Den Dienstag über trafen die letzten der über 60 gemeldeten Teilnehmer ein und ließen ihre Boote vom in gewohnt souveräner Manier vorgehenden Detlef Guminsky vermessen. Die Vermessung sollte auch für den im Anschluss in Aarhus stattfindenden Gold Cup gelten, was letztlich leider nicht funktionierte. Bei herrlich warmen Temperaturen fehlte leider der Wind um mit Trainingschlägen die Bedingungen auf dem Wettkampfareal zu erkunden. Am Abend gab es dann eine kleine Eröffnungsfeier im nahegelegenen Bootsschuppen des BSC.
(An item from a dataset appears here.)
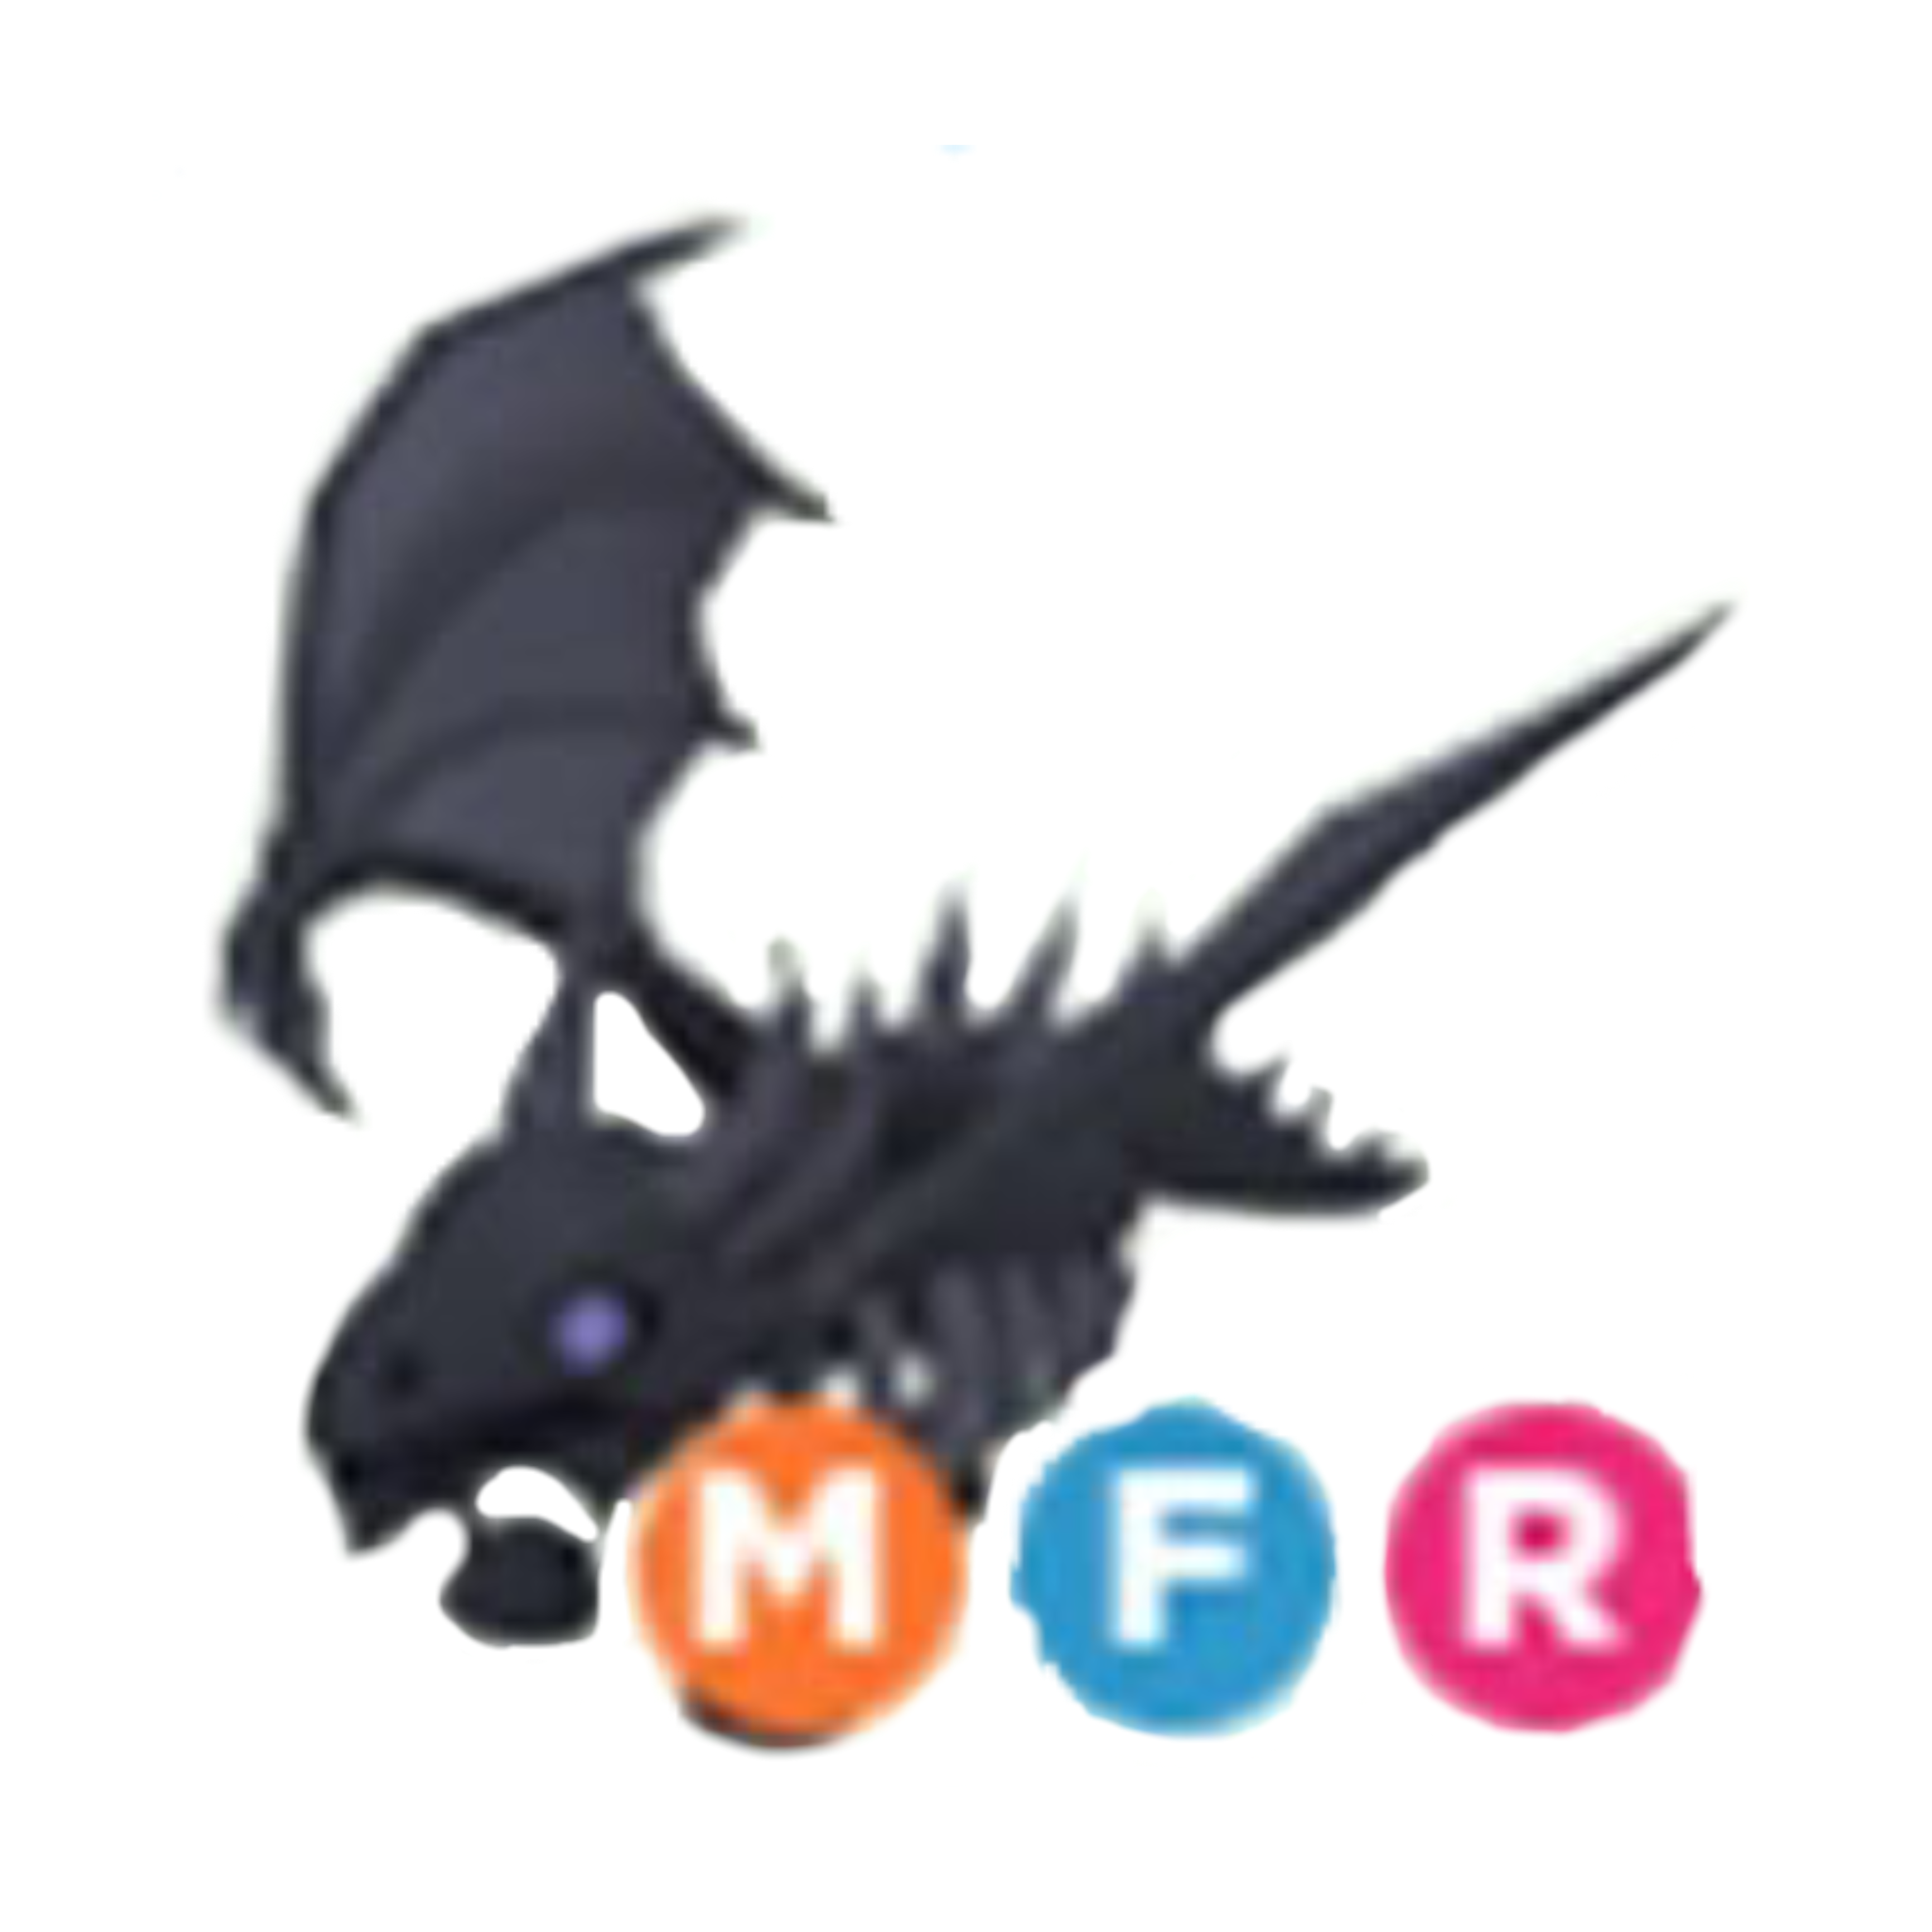 Adopt Me Adoptme Dragon Shadow Sticker By Angle - roblox adopt me shadow dragon sticker choose matt or glossy etsy
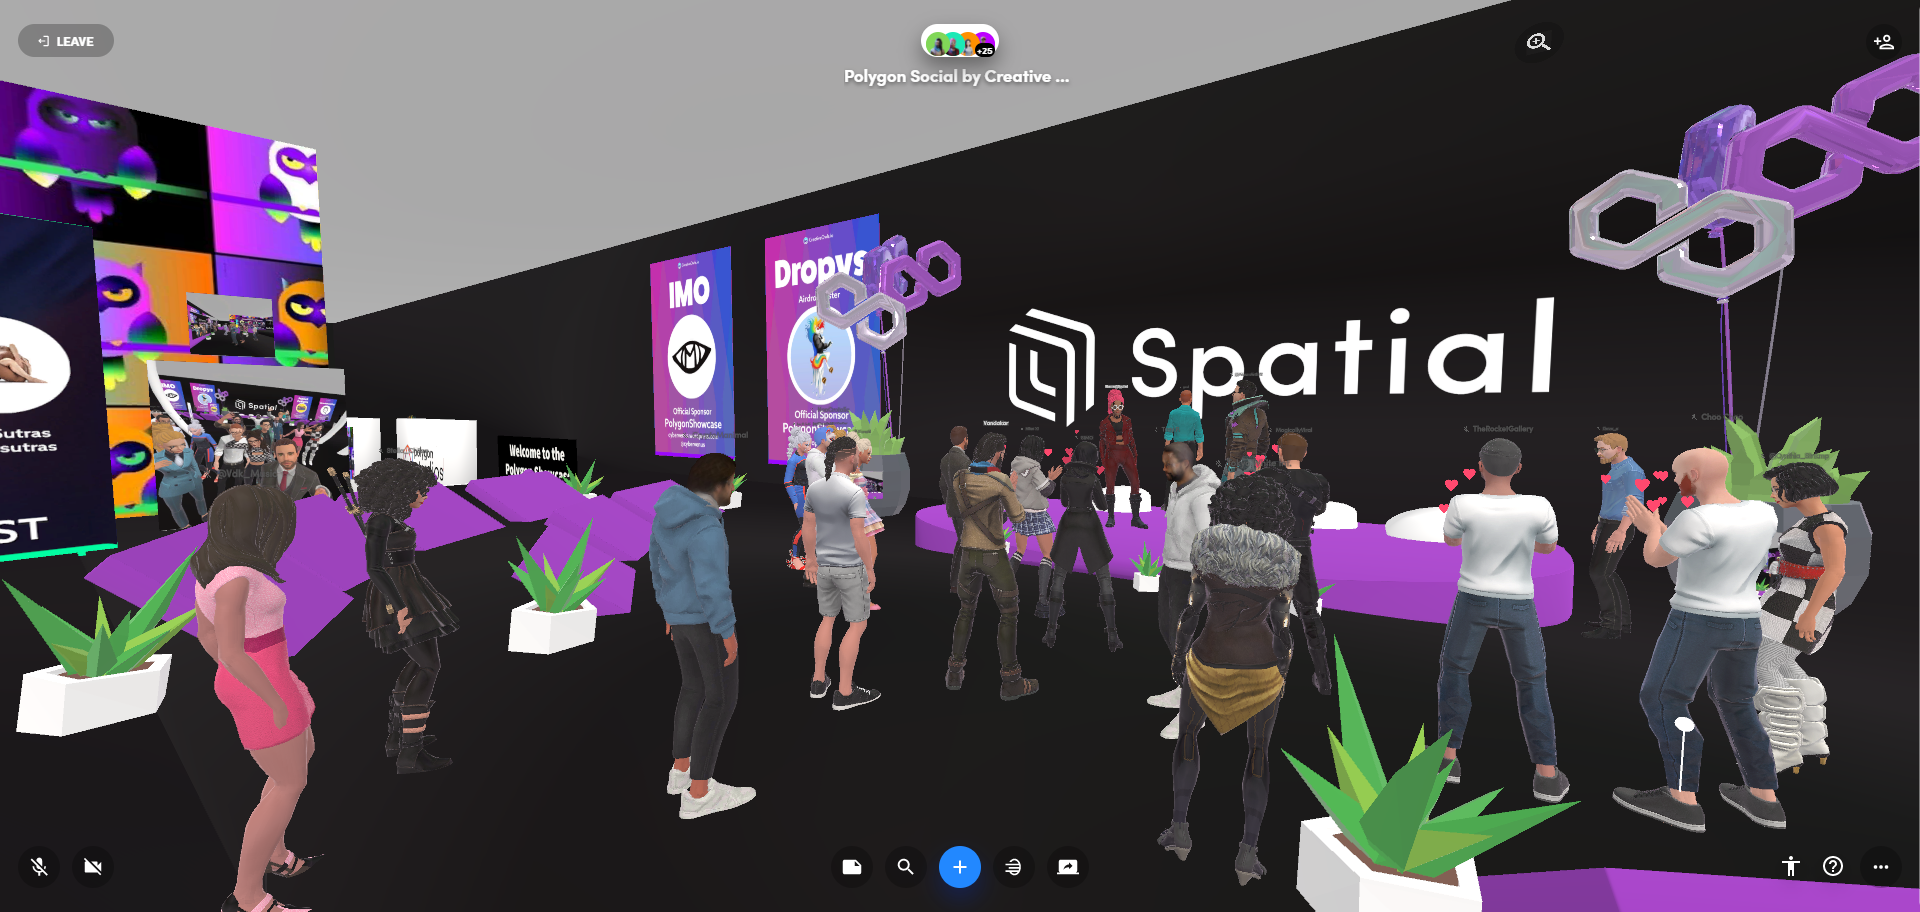 10 Tips for Hosting Events in the Metaverse

Am Mittwoch setzte dann wie vorhergesagt ein moderater Ostwind ein und so konnten nach der Steuermannsbesprechung 60 Finns zum ersten Start an die Linie gehen. Die Wettfahrtleitung verlor keine Zeit und zog das Startprocedere wie angekündigt schnell durch. Das Mühlberger Loch zeigte sich von seiner besten Seite mit leicht drehenden Winden und mit der Tide wechselnden Strömungen, die Strategie und Taktik zu einer anspruchsvollen Aufgabe machten. Dass Revierkenntnisse hierbei halfen bewies Nils Schoenrock (GER 94), indem er das erste Rennen vor mir und André Budzin (GER 711) gewann. Im zweiten Rennen führte dann lange der Spanier David Terol (ESP 317) bis ihn André auf dem letzten Vorwindkurs überholte und siegte. Den dritten Platz konnte sich der deutsche Meister von 2018, Nicolas Thierse (GER 723), sichern. Ich erwischte leider zweimal die falsche Seite und musste mich daher mit einem 10. Platz zufrieden geben.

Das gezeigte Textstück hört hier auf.